It’s been said that graceful aging is about being flexible. One’s ability to respond mentally and physically to life’s obstacles is certainly an asset. However when it comes to bone health, traditional advice on calcium supplementation favors rigidity over agility. As Ian R Ried wrote in his article, A Case for Ending Calcium, the age-old advice to prescribe calcium alone fails to address the importance of being lithe for long-term bone health.

Calcium has traditionally been the “go to” ingredient for bone health, but lately it has fallen out of favor due to its limited functionality. Traditional calcium supplements don’t support bone strength and flexibility adequately. From my experience, for both bone mineral density and flexibility support, collagen formulations are superior to plain calcium.

As we age, bone density decreases after the age of 40. Bones don’t become noticeably weaker, in fact they are often thought of as hard and lifeless. However bones are actually living, growing tissue. Bone itself undergoes continuous remodeling, with constant rejuvenation of new bones and resorption of old bones. For most women, bone loss increases quickly after menopause, when estrogen levels drop sharply. In fact, in the five to seven years after menopause, women can lose up to 20 percent or more of their bone. Osteoporosis is a major public health threat. Approximately 25% of postmenopausal Caucasian women in the US will develop osteoporosis.

Nutritional supplementation for people with osteoporosis has long focused on calcium, vitamin D and recently vitamin K. However, all these approaches are addressing the calcium deficiency only. Calcium builds bone density but collagen builds the framework for calcium to attach to.

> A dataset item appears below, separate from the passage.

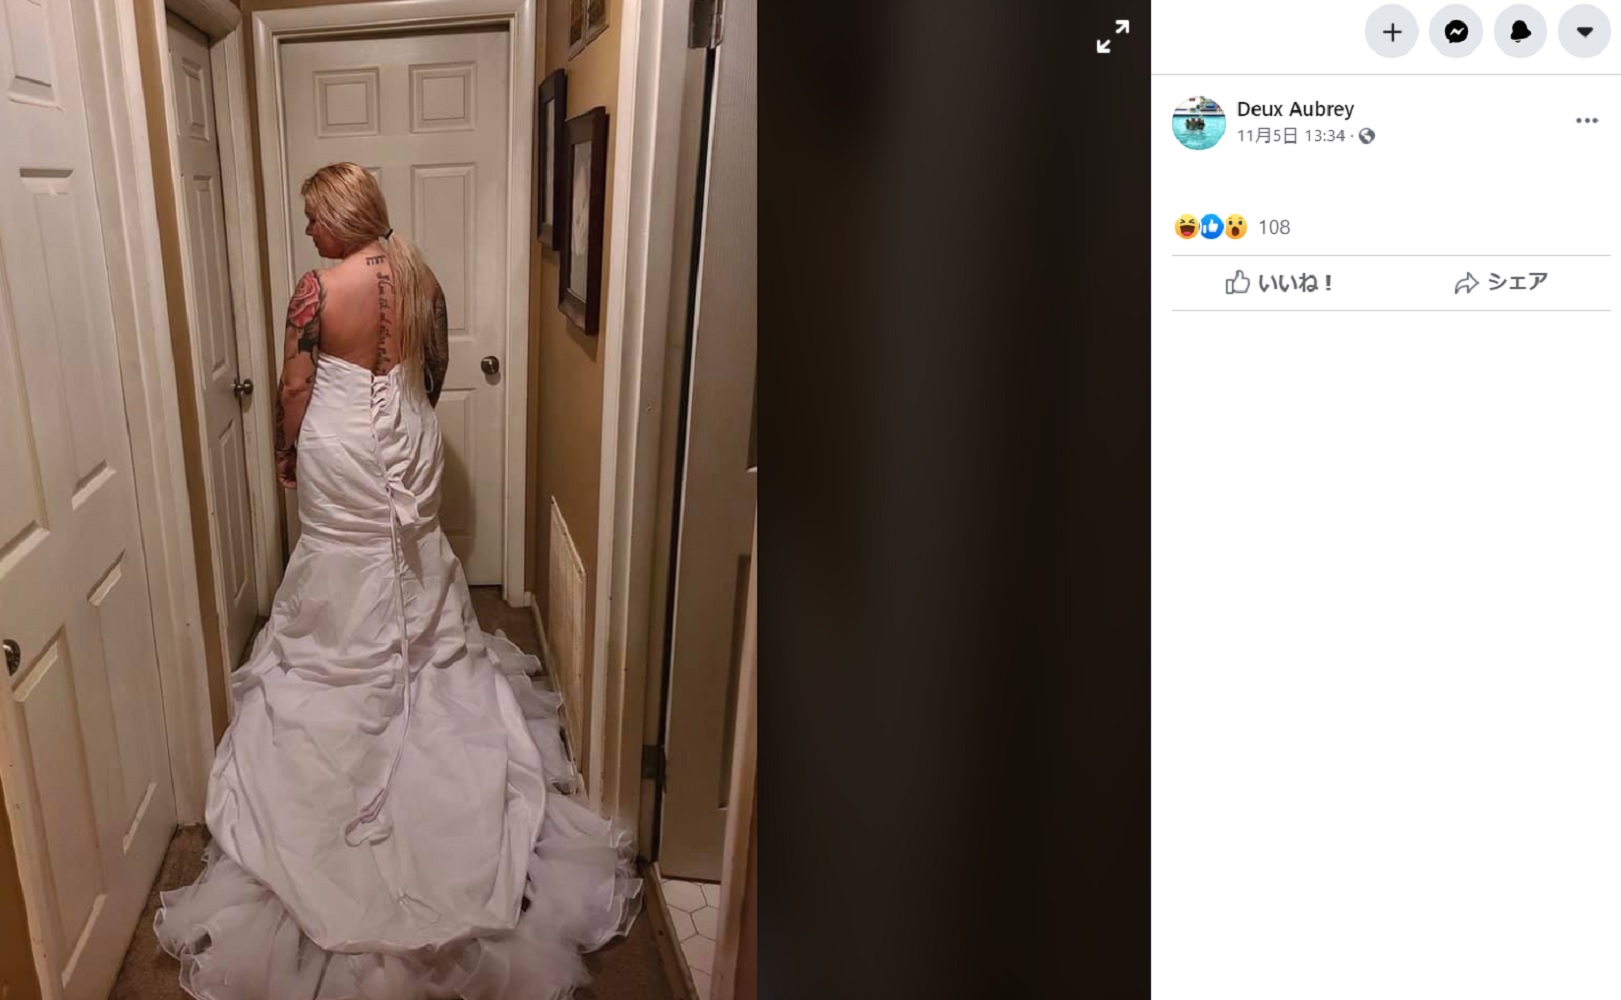 米ケンタッキー州在住の女性は2020年、ネットでウェディングドレスを注文したが「写真と違う」とクレームを入れた。しかし女性は後になって、大きな勘違いをしていたことに気付く（画像は『Deux Aubrey　2020年11月5日付Facebook「Two weeks ago my wedding dress came in.」』のスクリーンショット）

It is more like the skyscraper. It builds hardness, which gives bone its “vertical strength.” But calcium is a lot like chalk, becoming brittle and crumbly from side-to-side pressure over the years. Collagen is the steel frame, while calcium is the cement. Collagen provides the side-to-side flexibility and gives bones the flexibility to endure impact. Without it, even the strongest bones can crack, shatter or break, and running, jumping and other activities become painful. Although the body produces collagen naturally, its production diminishes as we age.

 

Bones are made up of three major components:

  • Collagen, the protein that gives bones a framework for strength and flexibility
  • Calcium-phosphate mineral complexes, that fill in the gaps between the collagen frame work, making bones hard and strong
  • Living bone cells that remove and replace weakened sections of bone

Collagen works to support healthy function in all components of the living bone tissue, which is why it trumps calcium supplements. Prescription drugs, while they are supposed to enhance bone strength and flexibility, can actually cause more brittleness. Prescription drugs for osteoporosis slow down the loss of bone mass by suppressing bone metabolism. The dead bone mass and old collagen “saved” by the drugs take up all the space that would have been filled up by new bone mass and new collagen. That’s why there are so many reports that osteoporosis drugs that actually make bones more brittle and people who were treated with these drugs tend to suffer more bone fractures.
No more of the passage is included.